This work was done by Pankaj M. Tolani at the Database Systems Laboratory under Dr. Jayant R. Haritsa. Database Systems Laboratory is part of the Indian Institute of Science, Bangalore, INDIA - 560012. The related research paper was selected for the proceedings of the International Conference of Data Engineering (San Jose, 2002).
XML documents are extremely verbose since the "schema" is repeated for every "record" in the document. While a variety of compressors are available to address the problem, they are not designed to support direct querying of the compressed document, a useful feature from a database perspective. In this paper, we propose a new compression tool called XGrind, which directly supports queries in the compressed domain. A special feature of XGrind is that the compressed document retains the structure of the original document, permitting reuse of the standard XML techniques for processing the compressed document. Performance evaluation over a variety of XML documents and user queries indicates that XGrind simultaneously delivers improved query processing times and reasonable compression ratios.
1.The compression rates of XGrind are competitive with XMILL (XML-specific state-of-the-art compressor) and other similar tools, with the added benefit of permitting querying of the compressed data.
2.XGrind makes use of simple but effective techniques non-adaptive Huffman compression for arbitrary strings, compression of enumerated values in the context of XML and demonstrates that the techniques work well compared to similar tools.
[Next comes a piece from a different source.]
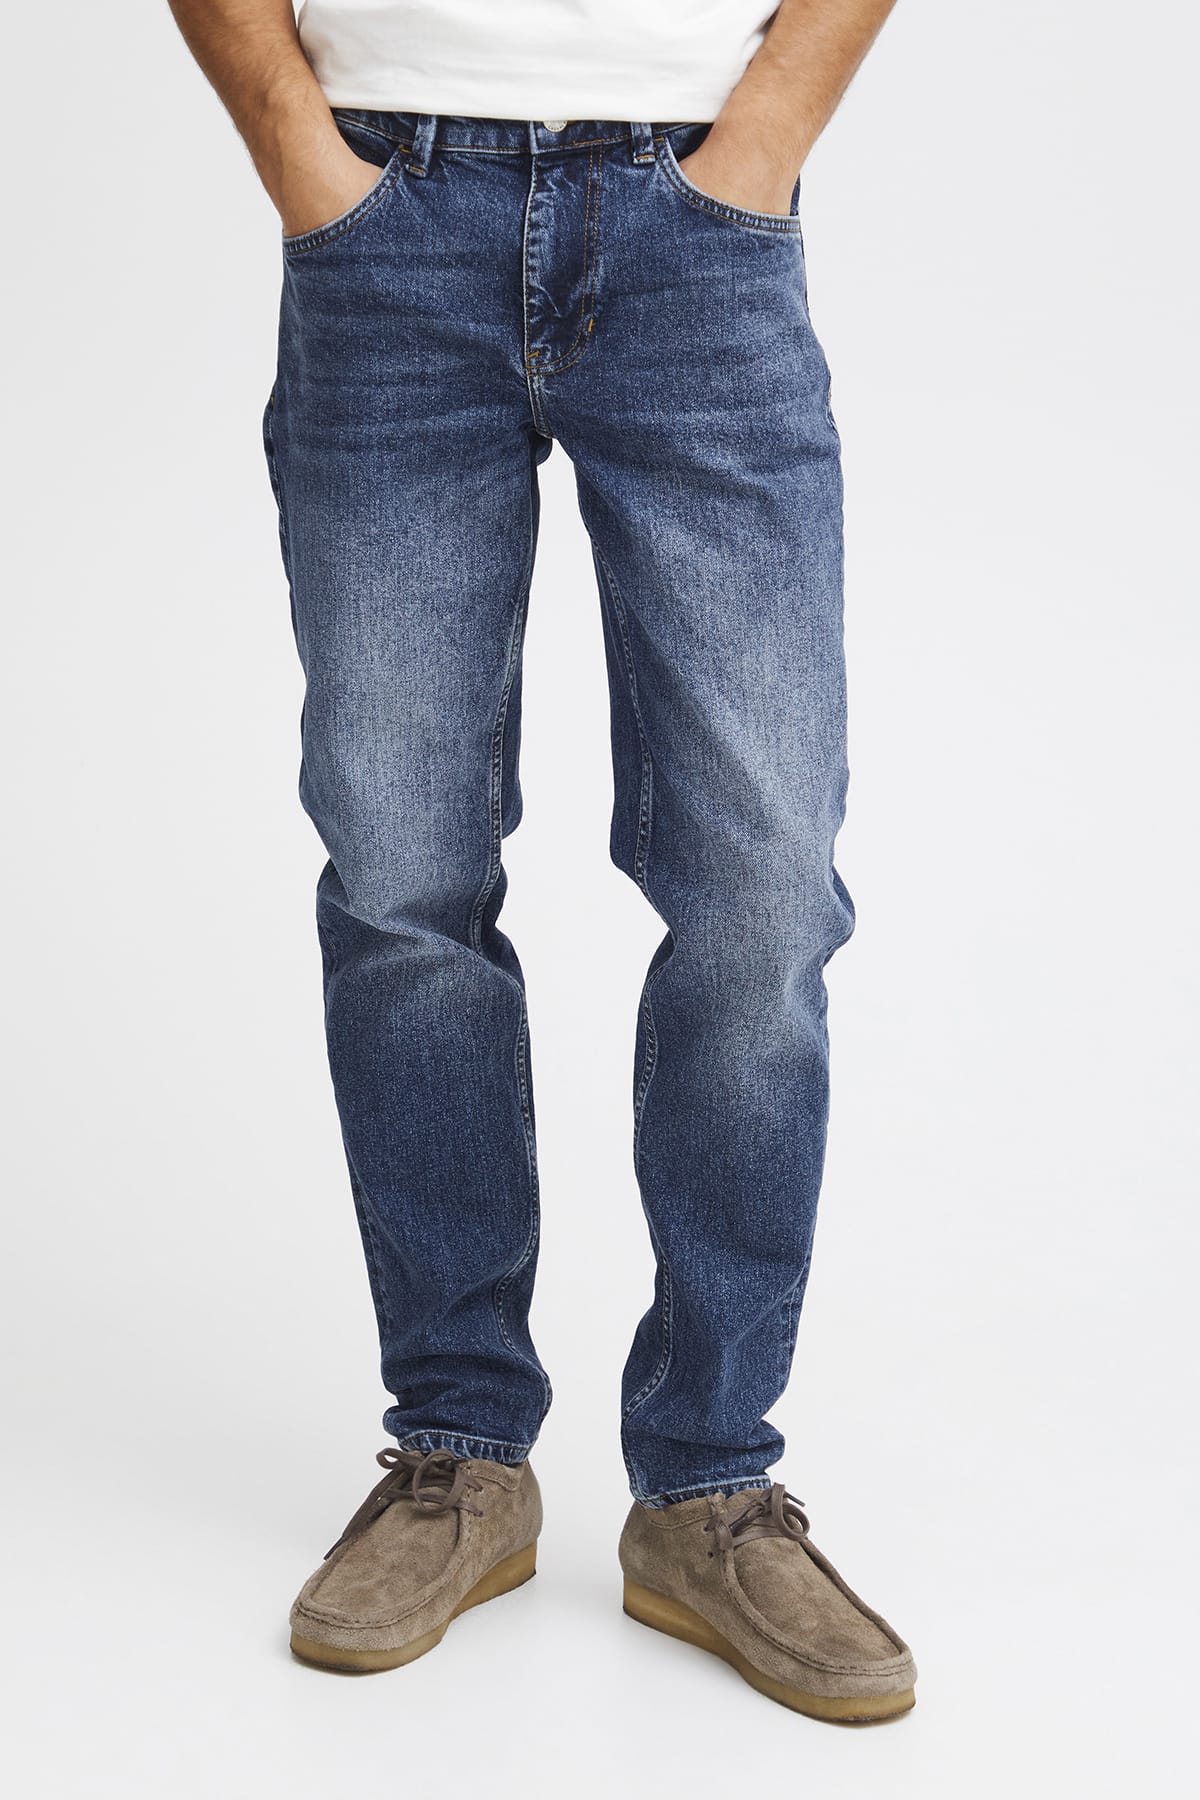 Jeans Karup 5 pocket regular jeans Denim mid blue Jeans Casual Friday

3.XGrind preserves the hierarchical structure of a document and permits decompression of fragments of the document, both of which are important for query processing.
4.The XGrind prototype was implemented in C/C++ (about 5K lines of code) with the following modules: compressor, decompressor, query processing engine.
5.Optimizations done to speed up compression
a.XMILL SAX API XML parser used instead of the relatively much slower
commercially available XML parsers.
For this, we had to implement a DTD parser using Lex and Yacc tools to populate the data structures used for the statistics.
b.Optimized Huffman-Compressor/Enum-Encoder modules which avoid C++ libraries/constructs.
6.Optimizations done to speed up decompression/querying
The compressed XML document format is such that decompression/querying
a.needs a simple lexical analyzer to create the lexical tokens
b.needs a simple parser to parse the compressed XML document
Code (under GPL), Distribution, and Documentation
The binaries and source are available at http://sourceforge.net/projects/xgrind/ .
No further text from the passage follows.